++++ DATA SEGMENT

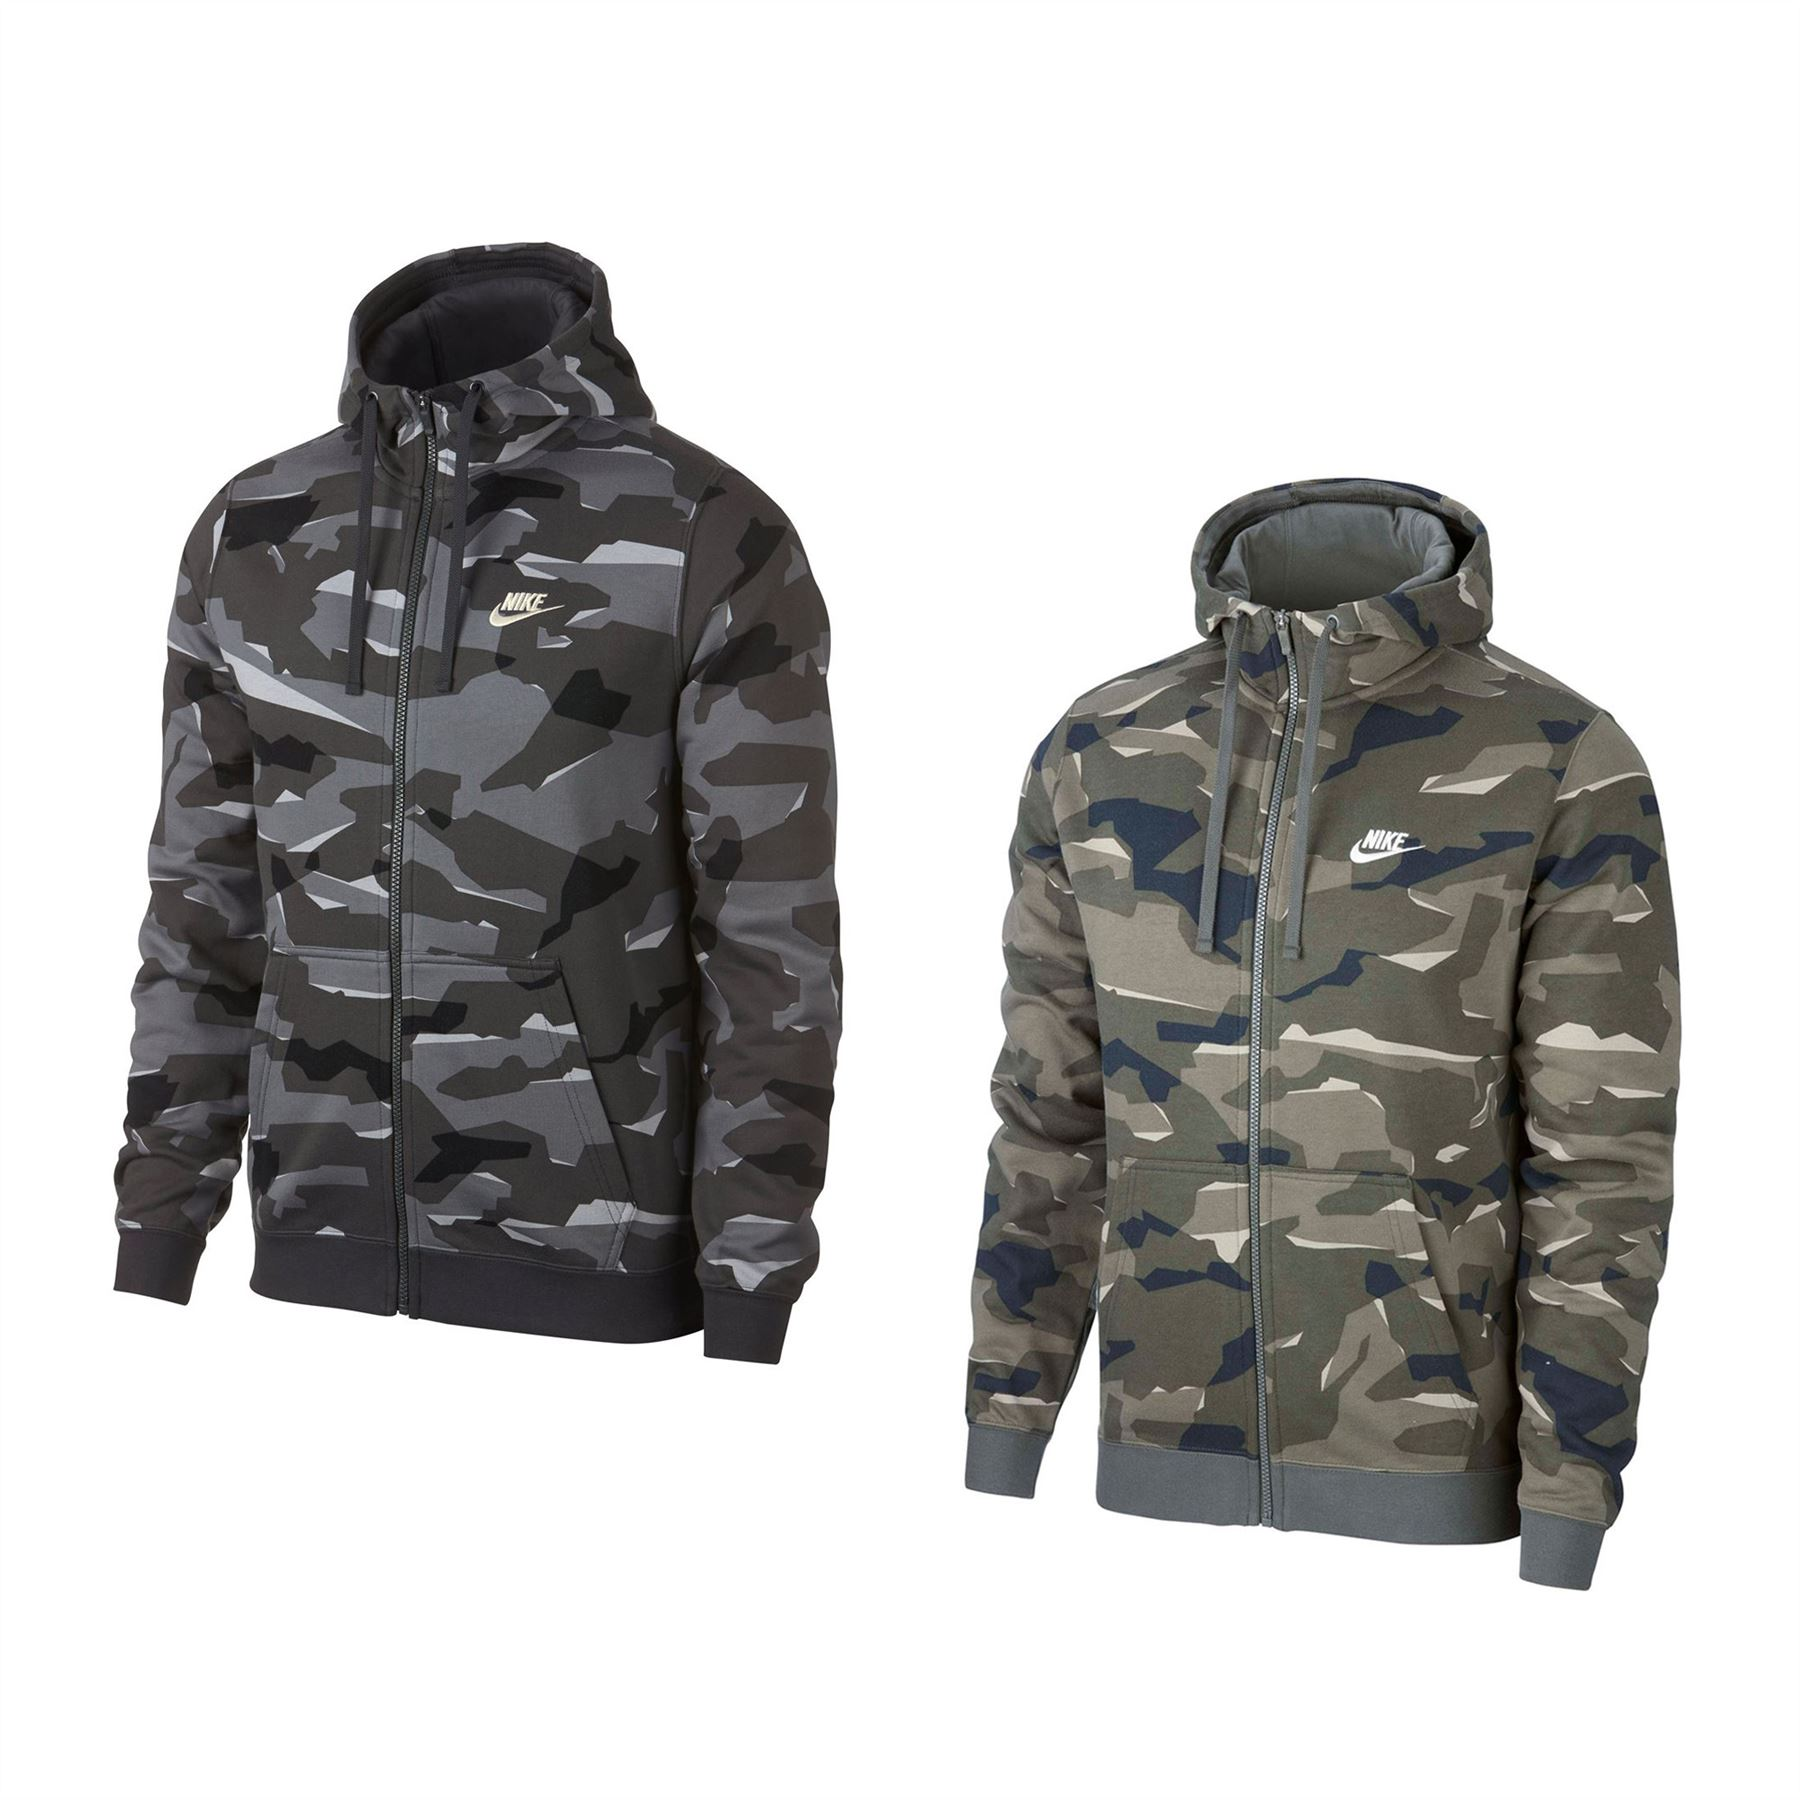 cebe66e49e9f ... Nike Camouflage Full Zip Hoody veste Mens Hoodie sweat-shirt chandail à  capuchon Top ...
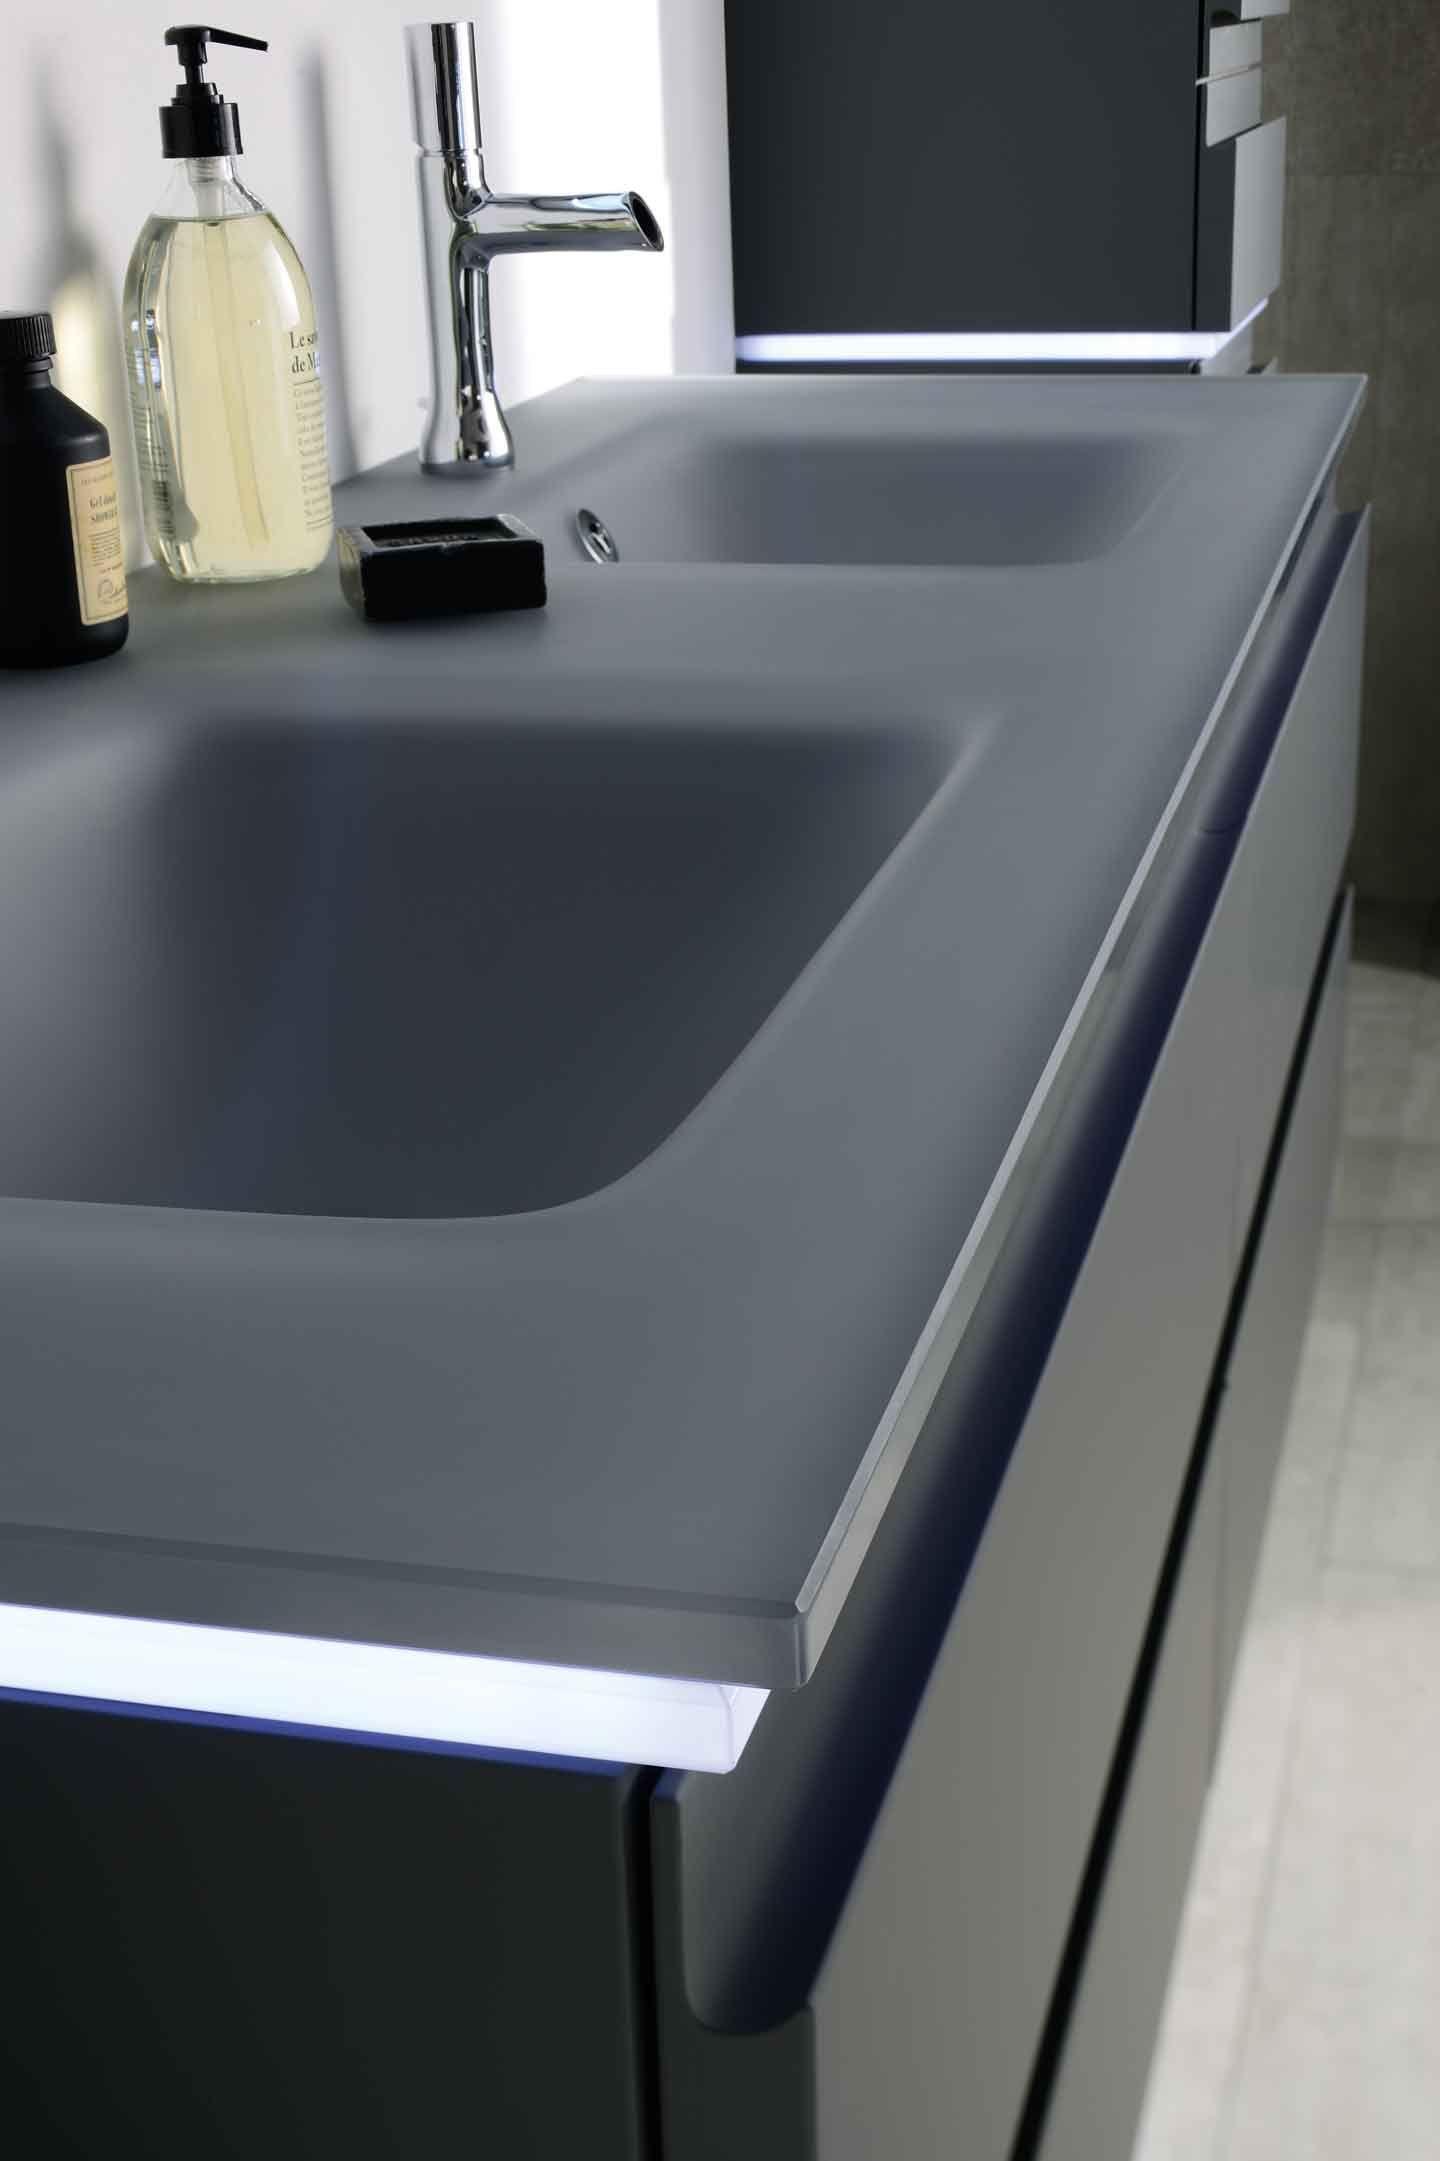 vasque a poser grise 2 meuble halo, Sanijura, Plan vasque en verre gris givré
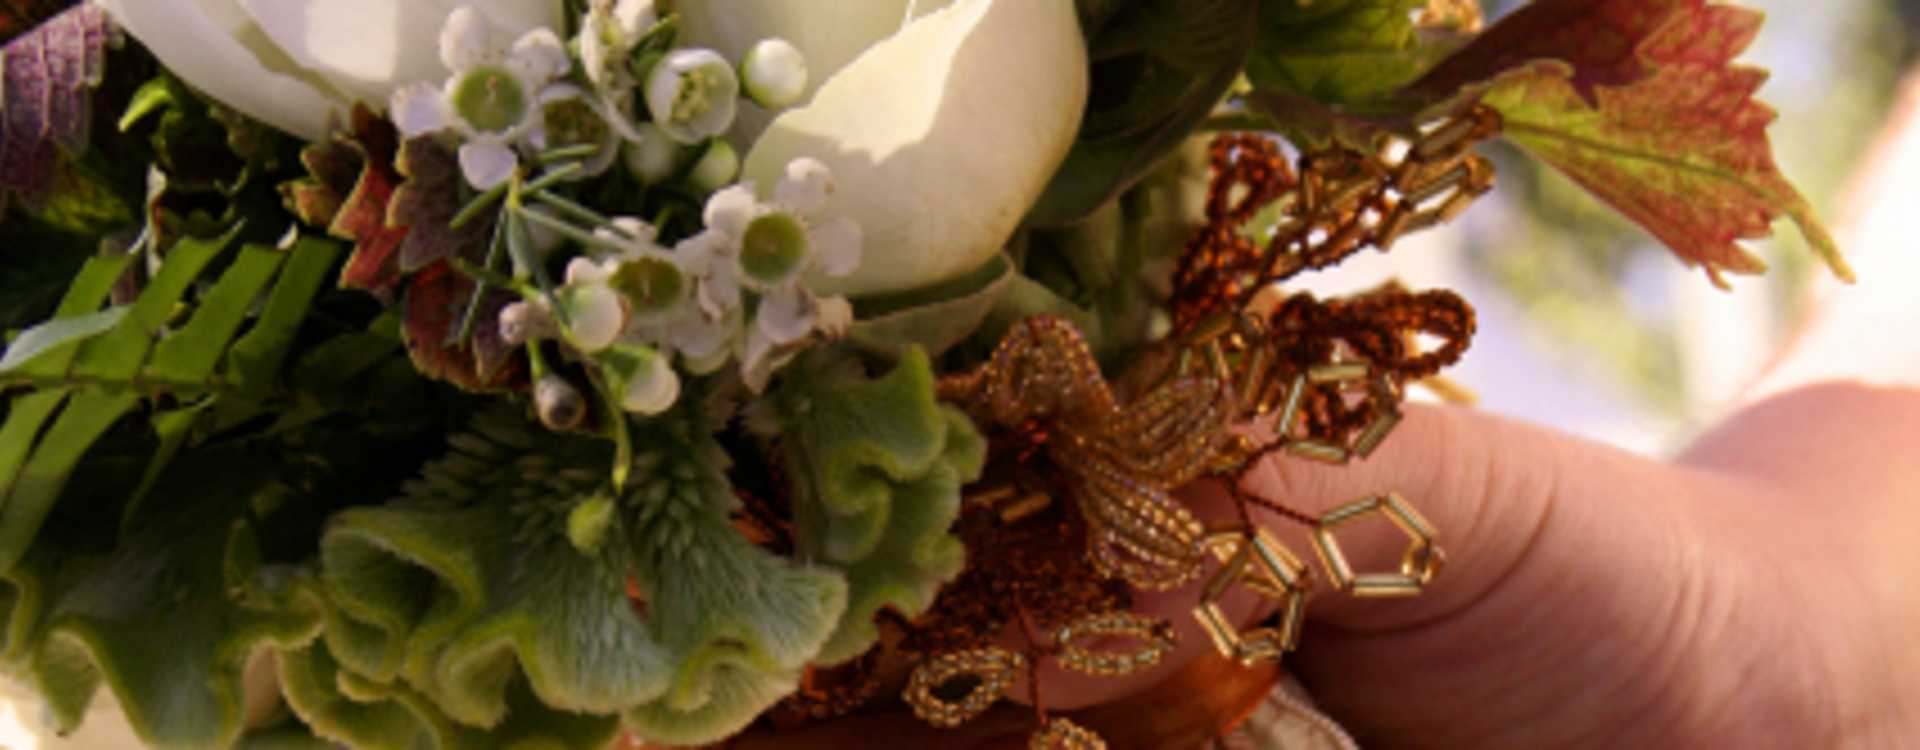 Flora_Laura__Marine_View_Florist_-6.jpg

++++++++

Go to the line containing "vasque a poser", then write out word for word every line from there to the end of the listing. Keep both end lines and drop the pictures.

 vasque a poser grise 2 meuble halo, Sanijura, Plan vasque en verre gris givré
 Flora_Laura__Marine_View_Florist_-6.jpg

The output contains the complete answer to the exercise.